Parasites used in this study were obtained from experimentally-infected, laboratory-raised threespine sticklebacks at the University of Leicester (Leicester, England) according to previously described protocols [3, 26, 27]. Culturing and RNA extraction protocols are also available via the protocols.io repository [28]. Parasite eggs utilized in these experimental infections were previously produced from adult worms following the in vitro culture of plerocercoids [3] extracted from wild-caught threespine sticklebacks collected from Clatworthy Reservoir in Somerset, England (51°06’86”N, 3°35’39”W). Experimentally-infected fish were the F1 progeny of adult parents collected from the same lake as the parasite population, and from two other locations in the United Kingdom: Carsington Water in Derbyshire, England (53°06’05.09”N, 1°64’36.58”W) and Inverleith Pond in Edinburgh, Scotland (55°96’78.57”N, 3°21’67.21”W).

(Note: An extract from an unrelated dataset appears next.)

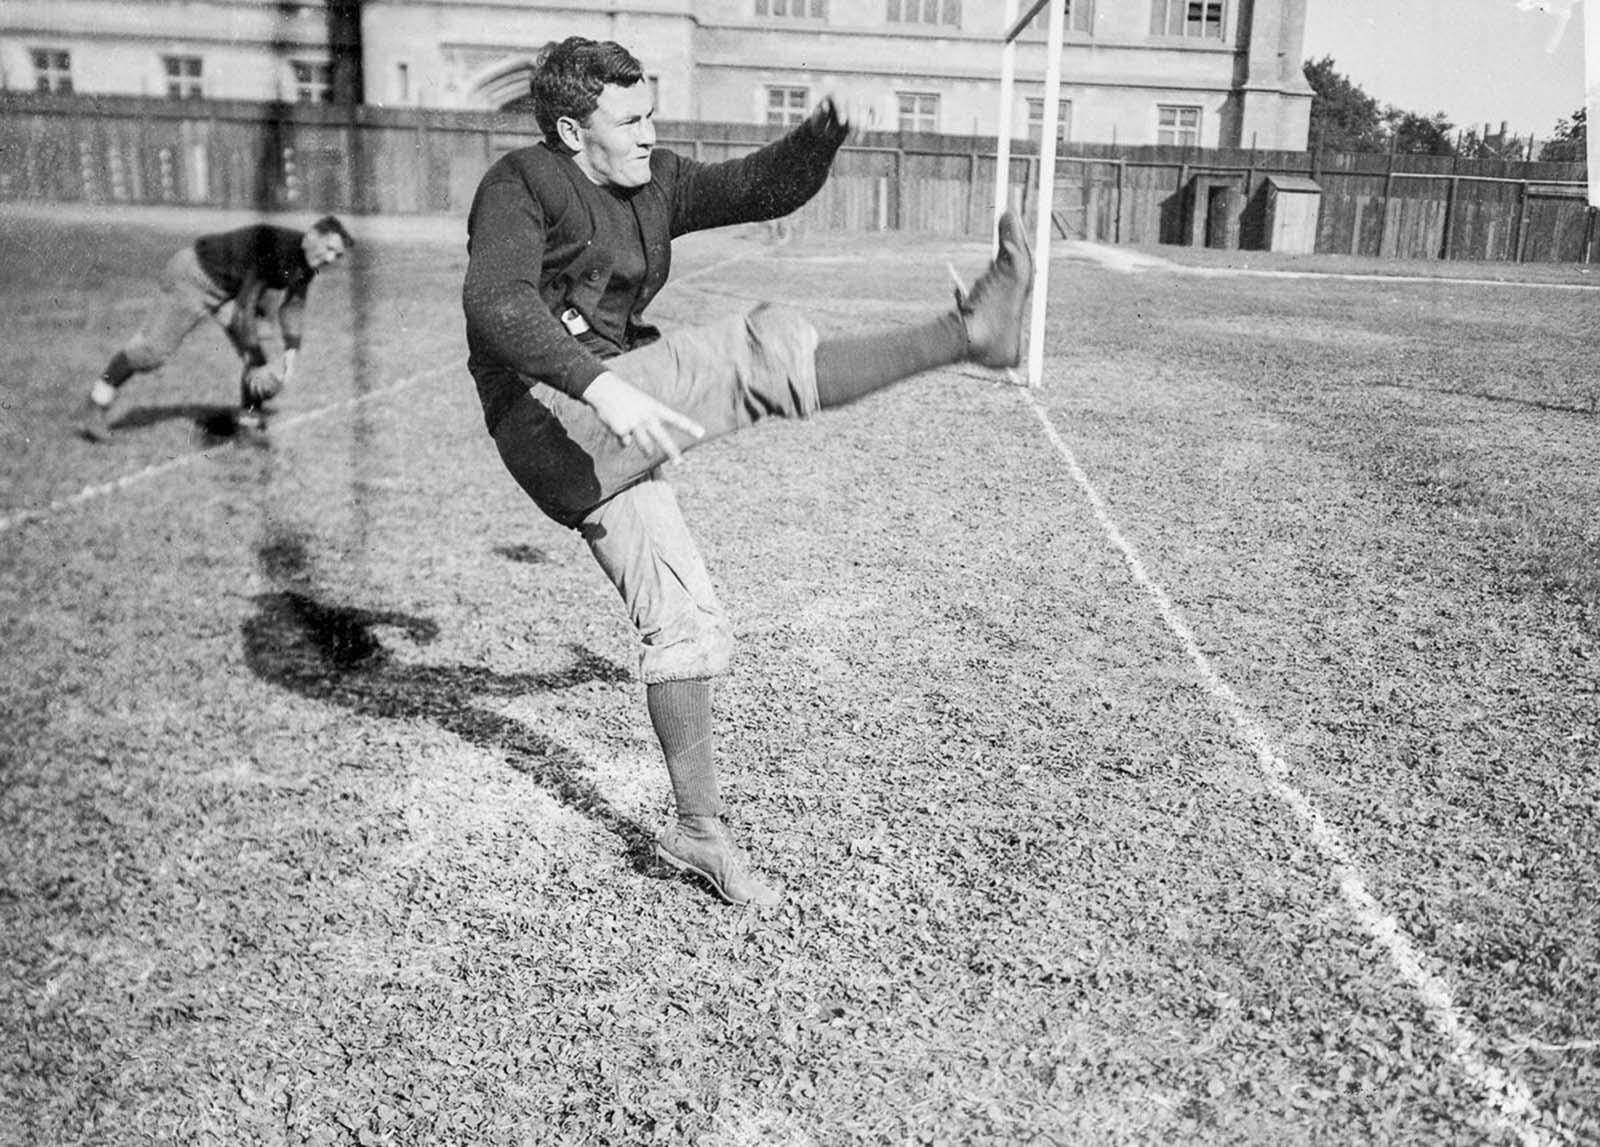 University of Chicago football player Orville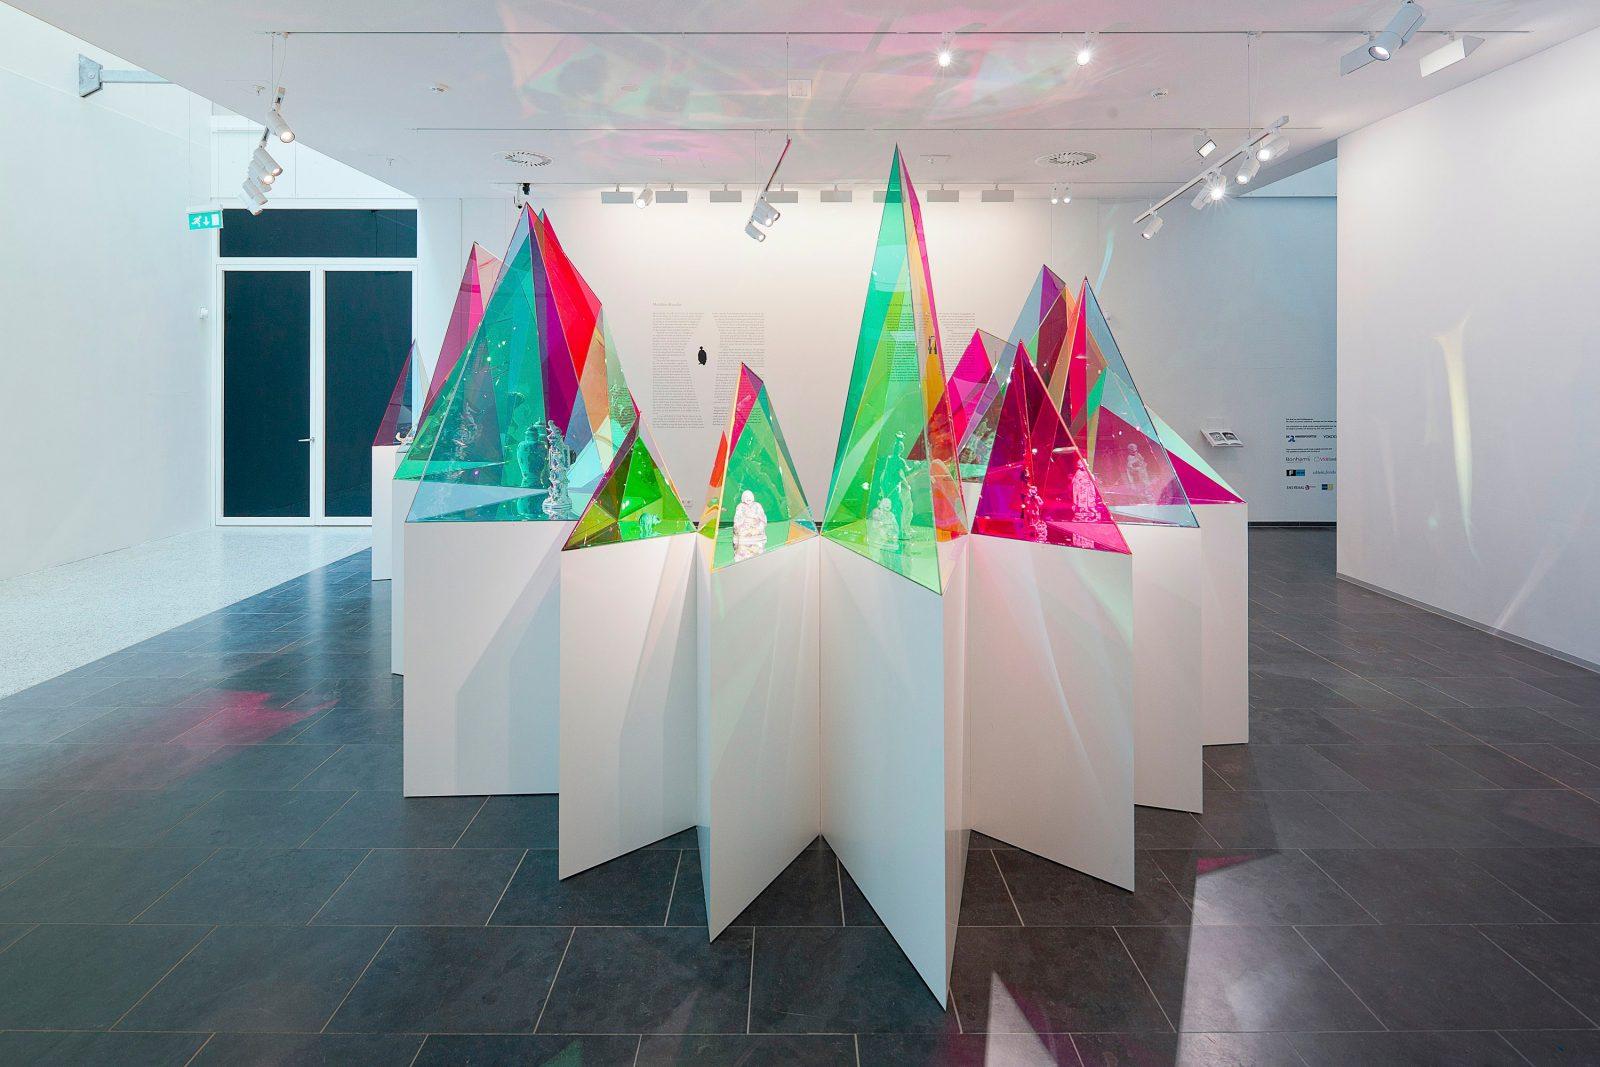 SO–IL x Meissen installation detail at Kunsthal KAdE, Amersfoort, The Netherlands

In brief, parasite eggs were placed in Petri dishes filled with tap water for two weeks and exposed to light to stimulate hatching. Hatched larvae were fed to laboratory-cultured copepods (Cyclops strennus Fischer) and three to four weeks later they were fed to the laboratory-raised threespine sticklebacks. Fish exposed to infected copepods were randomly selected and killed in a benzocaine solution (15 mM) between 10 and 17 weeks post-exposure. The timing of the sampling and subsequent dissection allowed both ‘non-infective’ plerocercoids (<50 mg) and ‘infective’ plerocercoids (>50 mg) to be recovered aseptically from the coelom of infected fish [12]. Non-infective worms were collected between 10 and 13 weeks post-infection, while infective worms were collected between 16 and 17 weeks post-infection. Additional infective plerocercoids extracted aseptically from naturally infected threespine sticklebacks caught from Clatworthy Reservoir were cultured in vitro to simulate the avian digestive tract environment [3] in order to obtain samples of the sexually mature adult worm life stage.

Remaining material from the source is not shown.